DATA EXCERPT ::

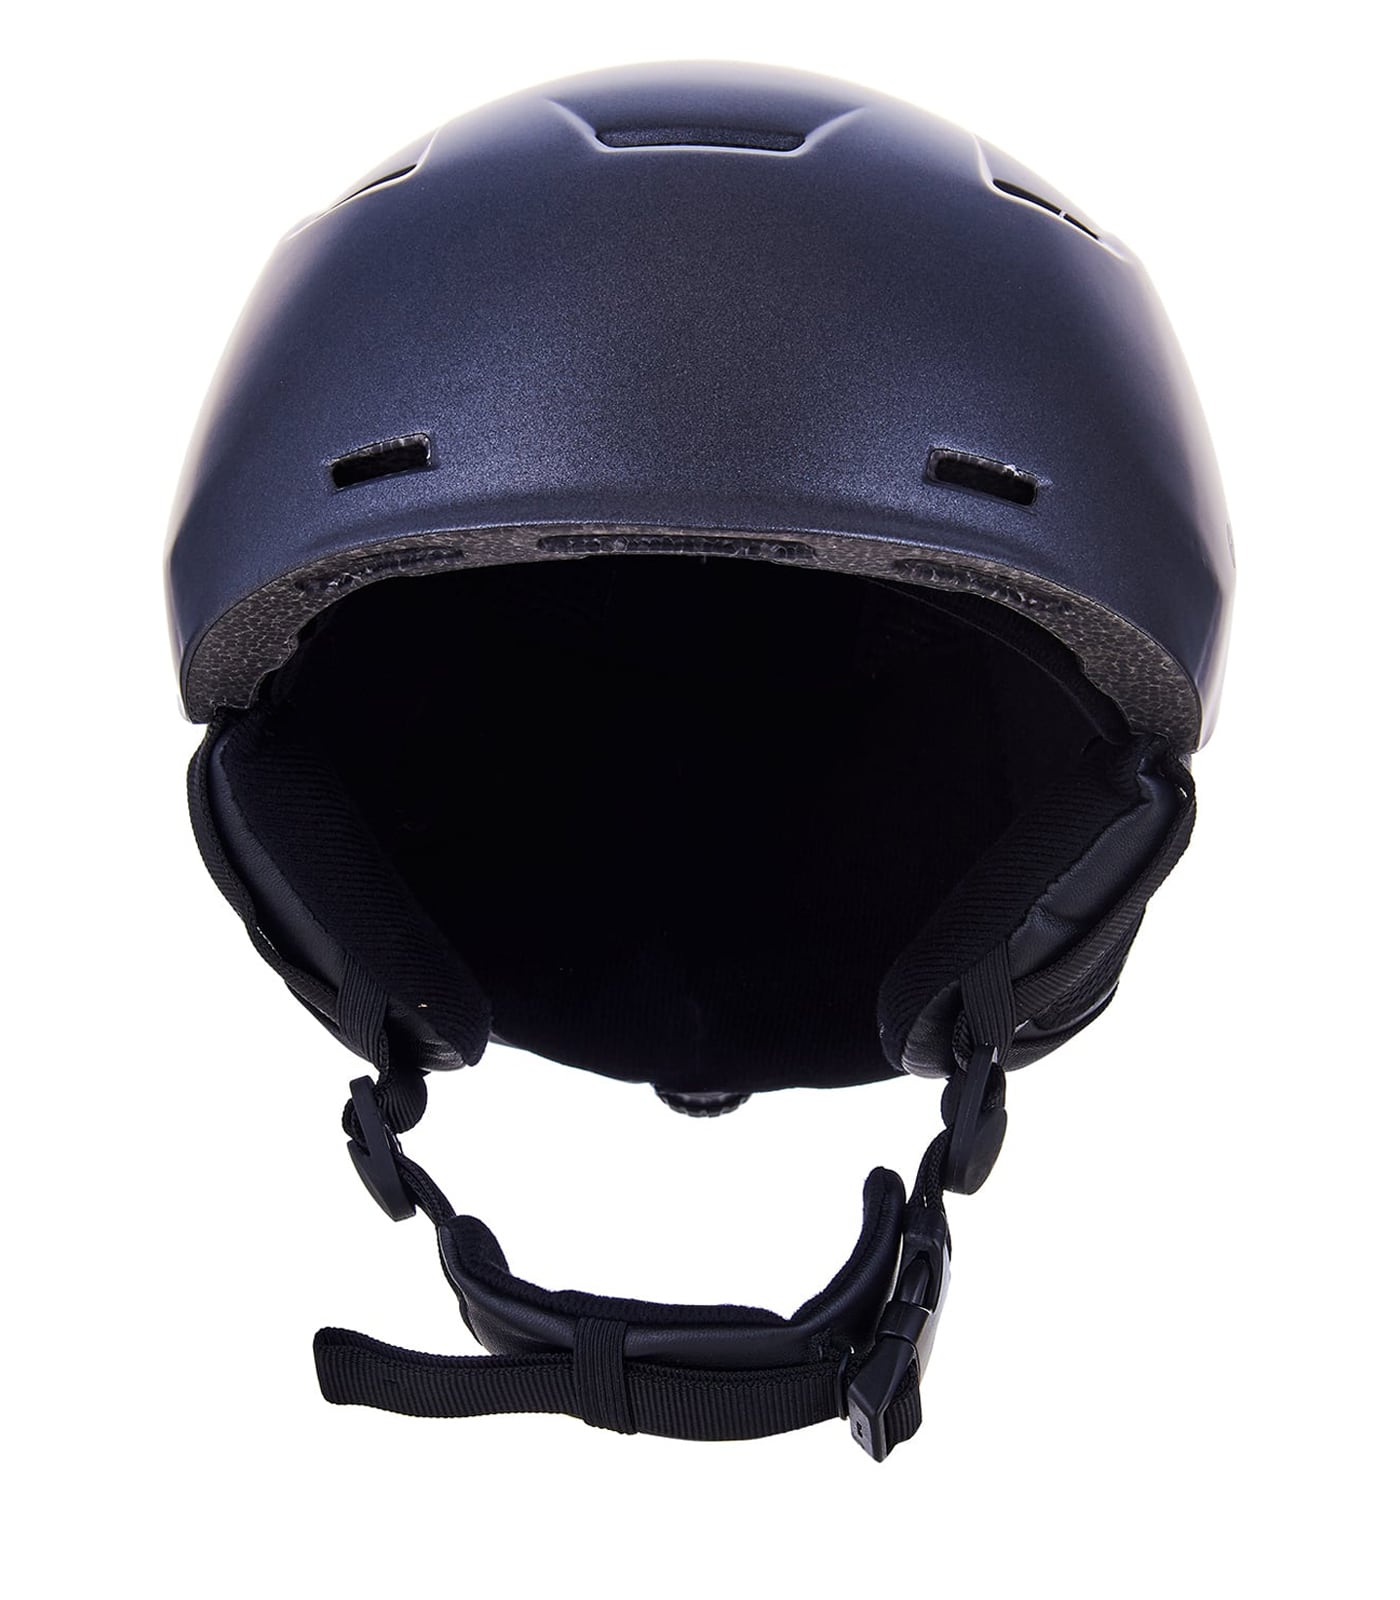 Storm ski helmet, grey metallic matt
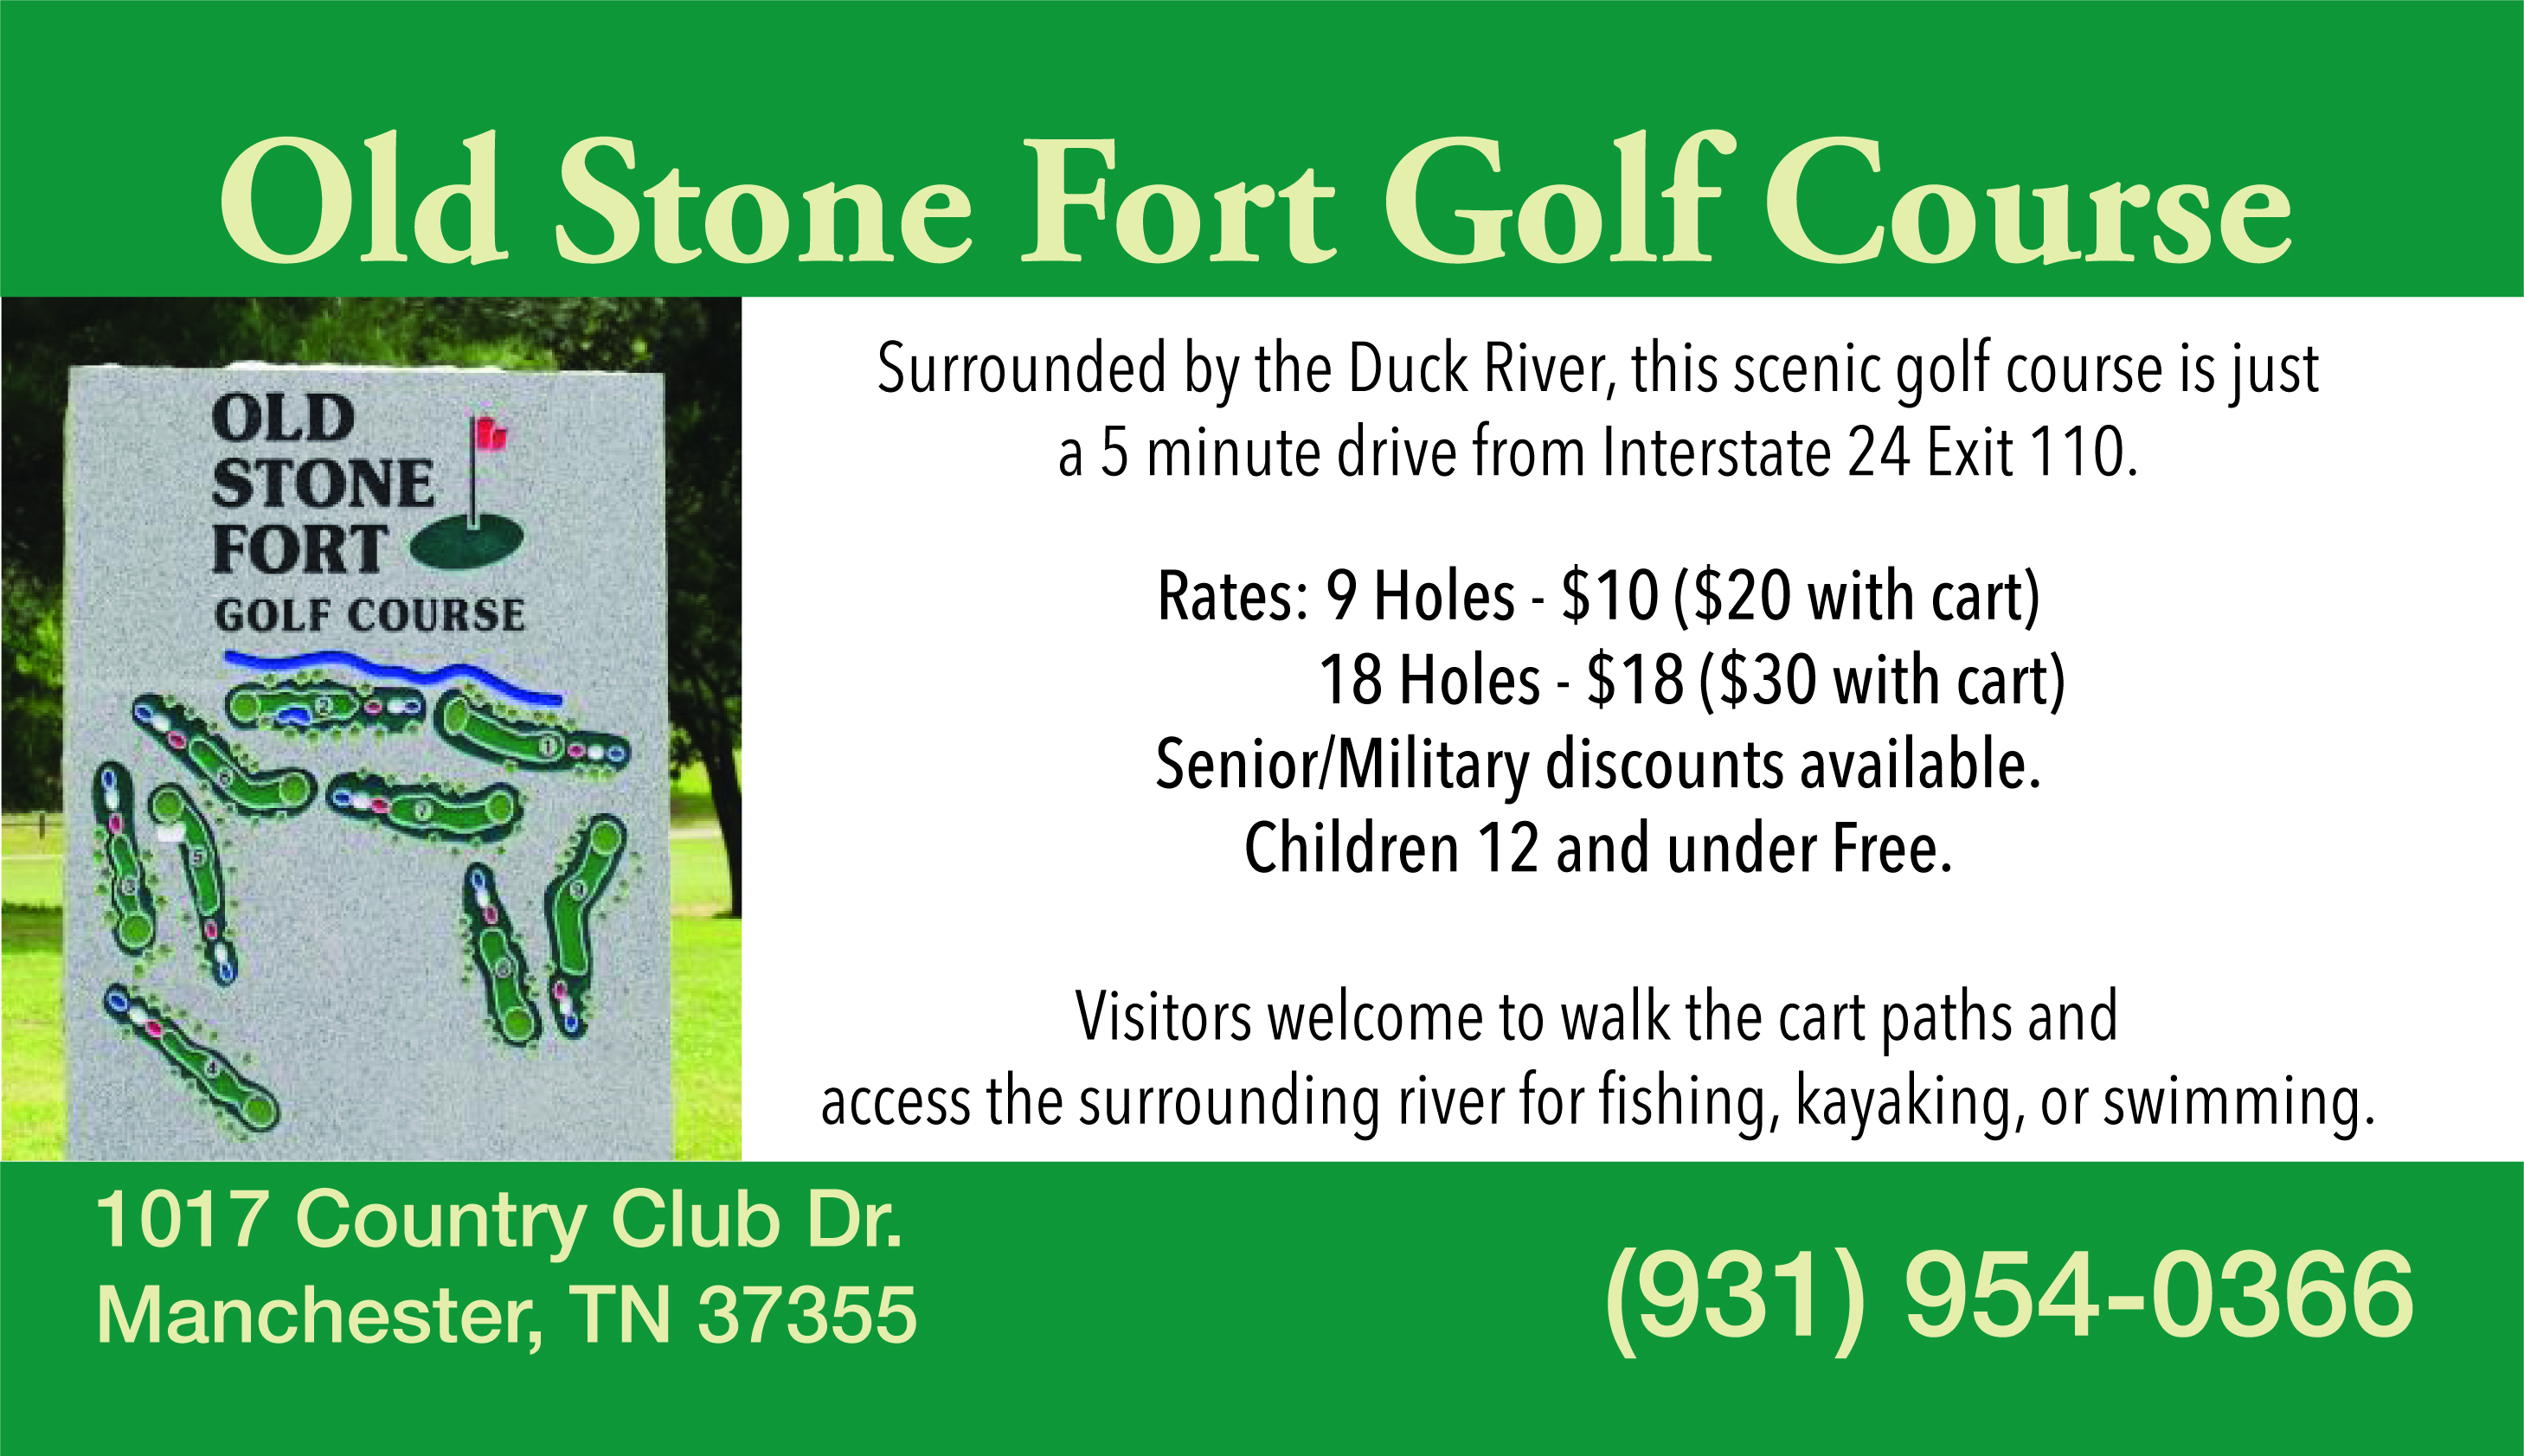 Old Srtone Fort Golf Cource ad
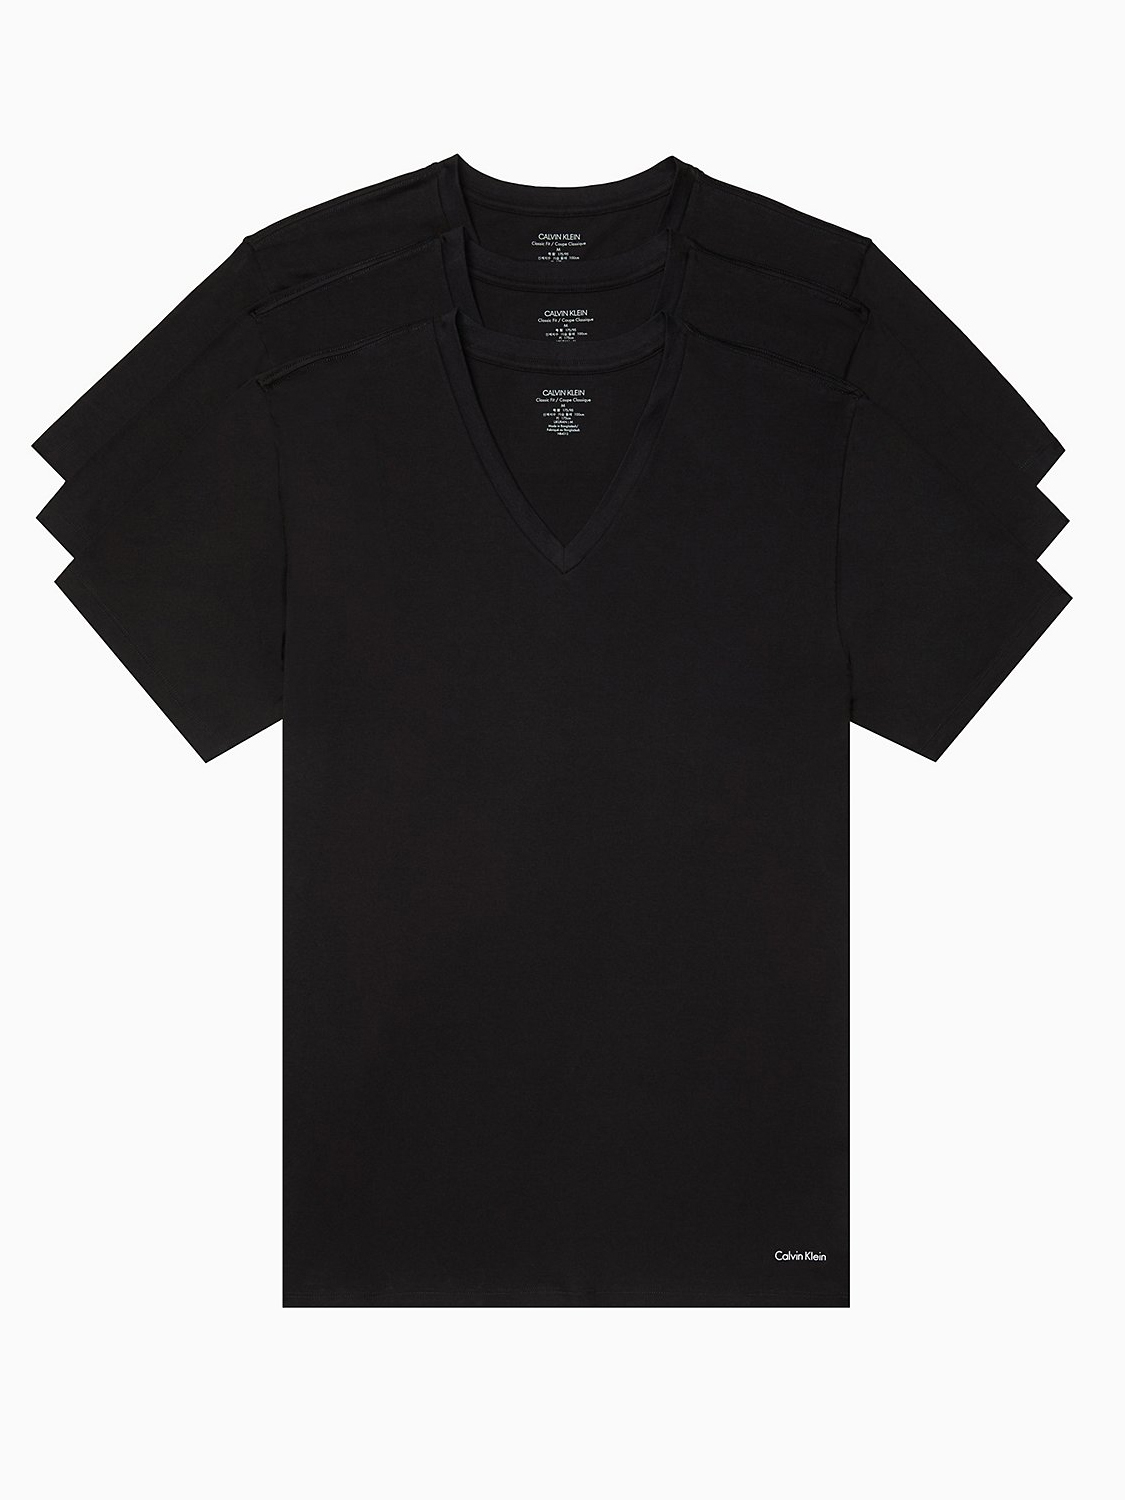 Calvin Klein Men's Cotton Classics Fit V-Neck T-Shirt -3 Pack, Black, Large - image 1 of 2

TASK TO CARRY OUT :: The full text of the data above, exact and without pictures, is what to return.

EXERCISE RESULT ::
 Storm ski helmet, grey metallic matt
 Old Srtone Fort Golf Cource ad
 Calvin Klein Men's Cotton Classics Fit V-Neck T-Shirt -3 Pack, Black, Large - image 1 of 2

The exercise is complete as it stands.